The Case of the Missing Frogs – Journal Entry #2

4 April 2023

By Phil Good, A Rocha Lebanon volunteer

© ARL – The Aammiq wetlands at dawn

It is akin to a wild goose chase, only it’s a frog. It was thought to be extinct, but now the search is on. We have a recording of the call of this rare painted frog and we will hunt throughout the Aammiq wetlands in Lebanon to see if it is there. We have some clever little boxes that contain a small computer, a microphone, and some AA batteries. These devices can be set up to record the sounds that they hear in the different areas of the nature reserve, wherever we think there might be some of these frogs. We set up the device to wake up every 15 minutes and record for five minutes. This way, we get a five minute sound file four times every hour.

So let’s go to the wetlands in Aammiq, in the western Beqaa region.

© ARL – This shows the locations where I have placed the devices so far

Aamiq wetlands are in the Beqaa valley of Lebanon are a vital world-recognized refuge for migrating birds, as they pass through this fertile valley on their migrations to and from Africa and Eastern Europe every spring and autumn. It belongs to the Skaff family and was restored in the 2000s thanks to a cooperation with A Rocha Lebanon.
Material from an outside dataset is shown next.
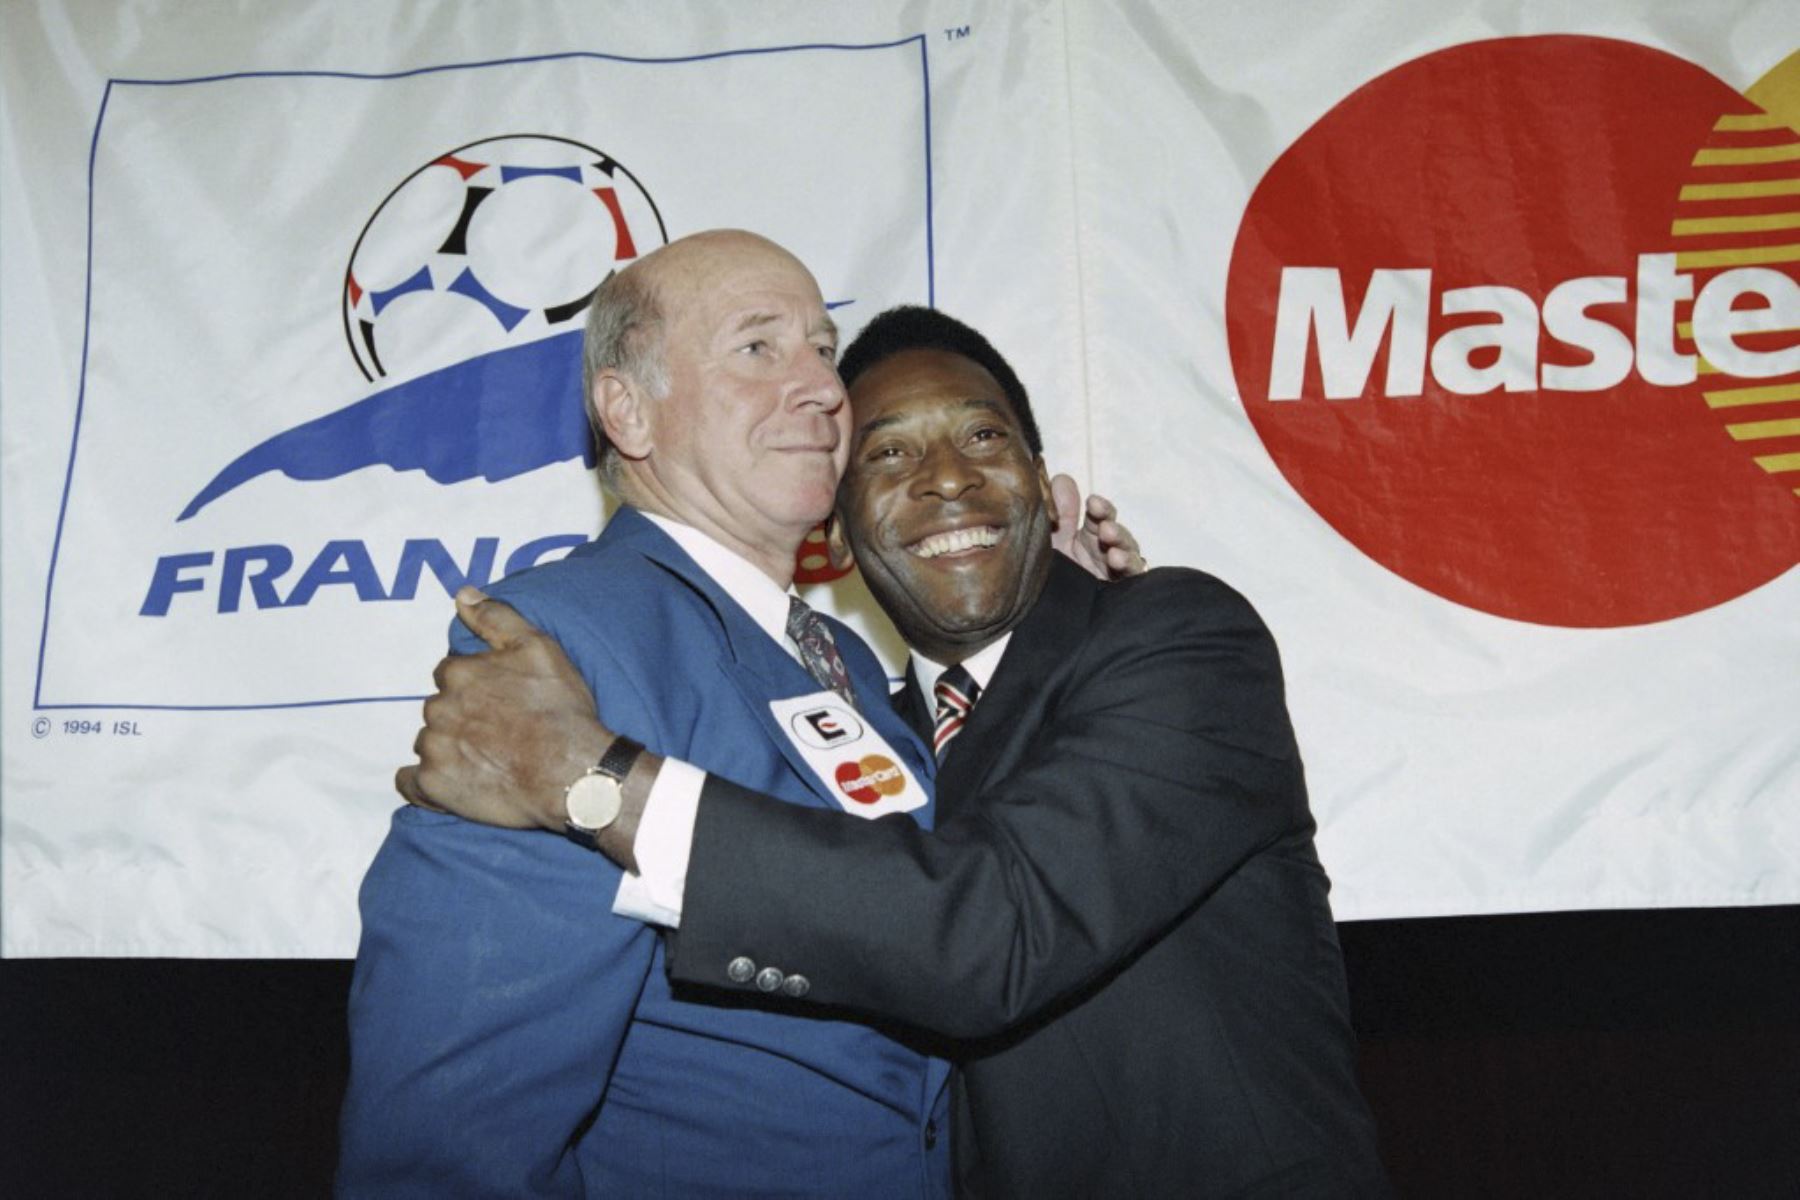 Las leyendas del fútbol, ​​el inglés Bobby Charlton (izquierda) y el ministro brasileño de Deportes, Pelé, se abrazan el 9 de febrero de 1995 en París, donde se conocieron durante los preparativos para la Copa del Mundo de 1998

Foto:AFP

Early in the morning, it is very restful to arrive here, having escaped Beirut.

© ARL – The water supports much wildlife, especially in the large reed beds

It is a beautiful spot, this fertile valley between the mountains.

© ARL – Mount Lebanon

© ARL – Mount Hermon

We stand at 900m above sea level, and in the distance, we can even see Mount Hermon, which is topped with a fresh fall of snow.
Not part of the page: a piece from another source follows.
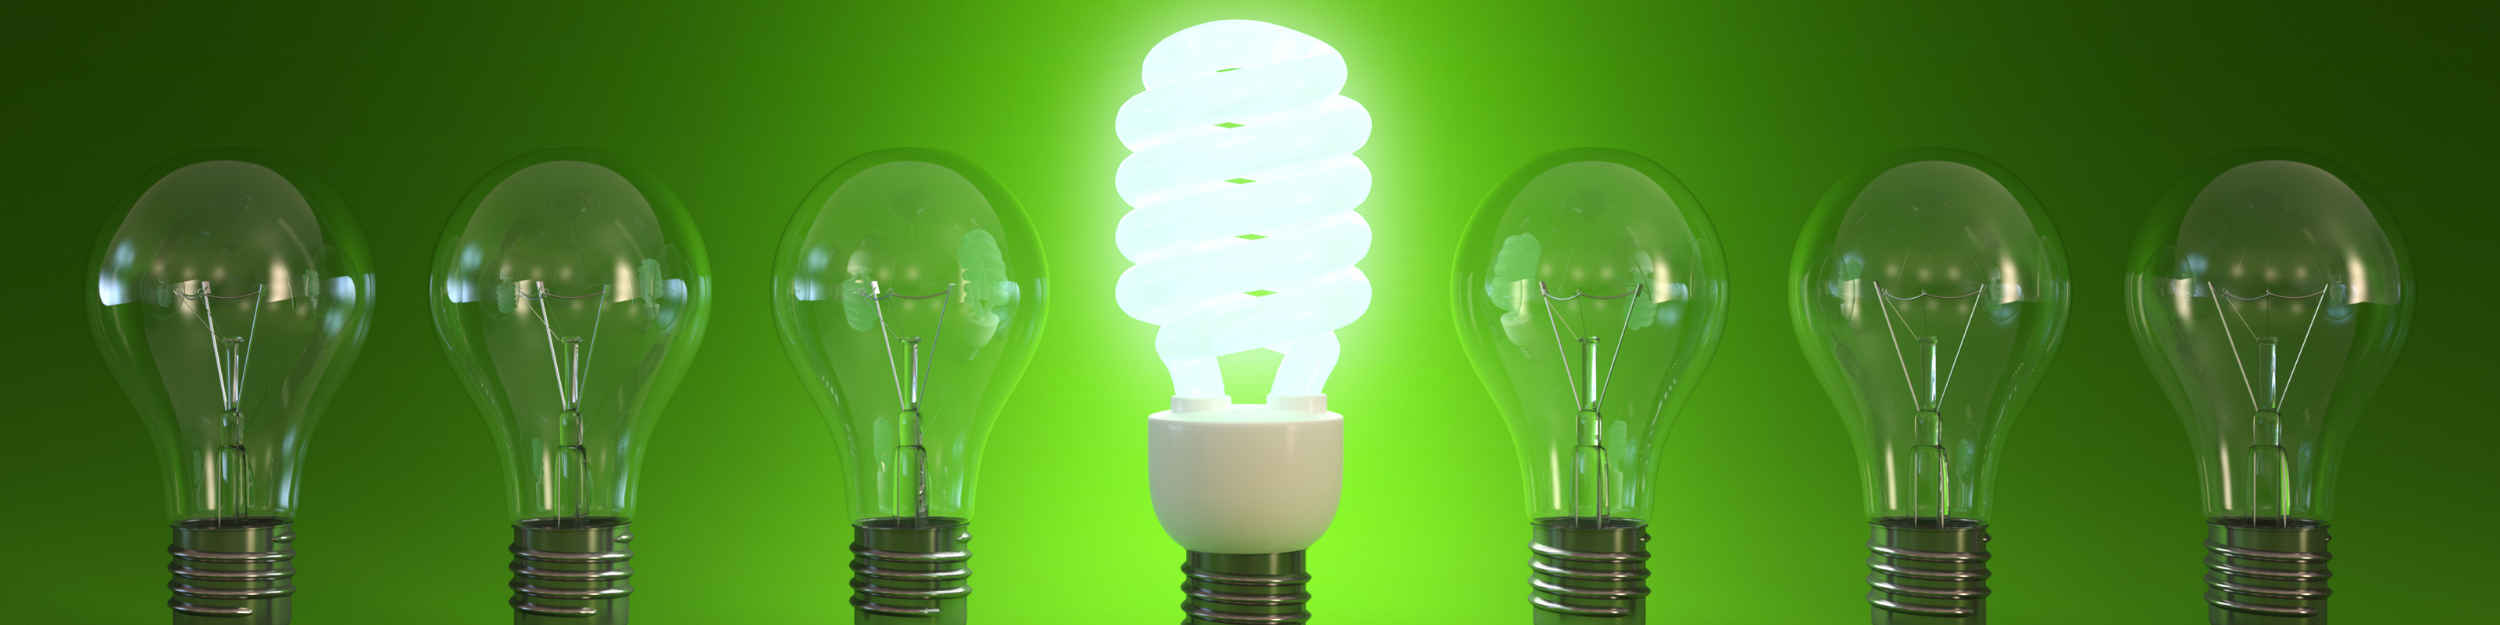 De nouvelles ampoules économes en énergie

We have several types of habitat to investigate. There are the large reedbeds, but the most likely spot is a long drainage channel, where there has been a suspected sighting already.

© ARL – Drainage channel in the Aammiq wetlands

Everywhere, I can hear frogs calling. Especially if the weather is warm, but that could be deceiving as so little is known about this species. We are not sure if the presence of other frogs is actually a negative. This species may prefer to be somewhere where there are less other frogs. All we know is that the painted frog does not live in water, but calls for mating from there. So, I place devices in different locations all over the wetland reserve.

© ARL – Devices for tracking the calls of frogs

Sometimes we can fix them to a branch, but other times we mount them on a stick.

© ARL – Devices for tracking frog calls lay on the ground, mounted on pegs

After five or six days, the time comes to retrieve the devices, so I get to come again and walk around the reserve to find the devices. If I should forget where I placed them, I have recorded the GPS coordinates, and I also have photographs of every location.

© ARL – Tree-lined walkway through the Aammiq reserve

Having retrieved all five devices, I return to the car and take small SD cards out and replace them with blank ones. The batteries need changing, and then the devices need to be reconfigured, as the configuration is lost when the batteries are taken out.

© ARL – I change out the batteries on the devices

© ARL – I add new batteries and reconfigure the devices

On one day, we had some youngsters pay a visit to see what was going on.

Yes, we have seen frogs here, though I have heard them more than I’ve seen them.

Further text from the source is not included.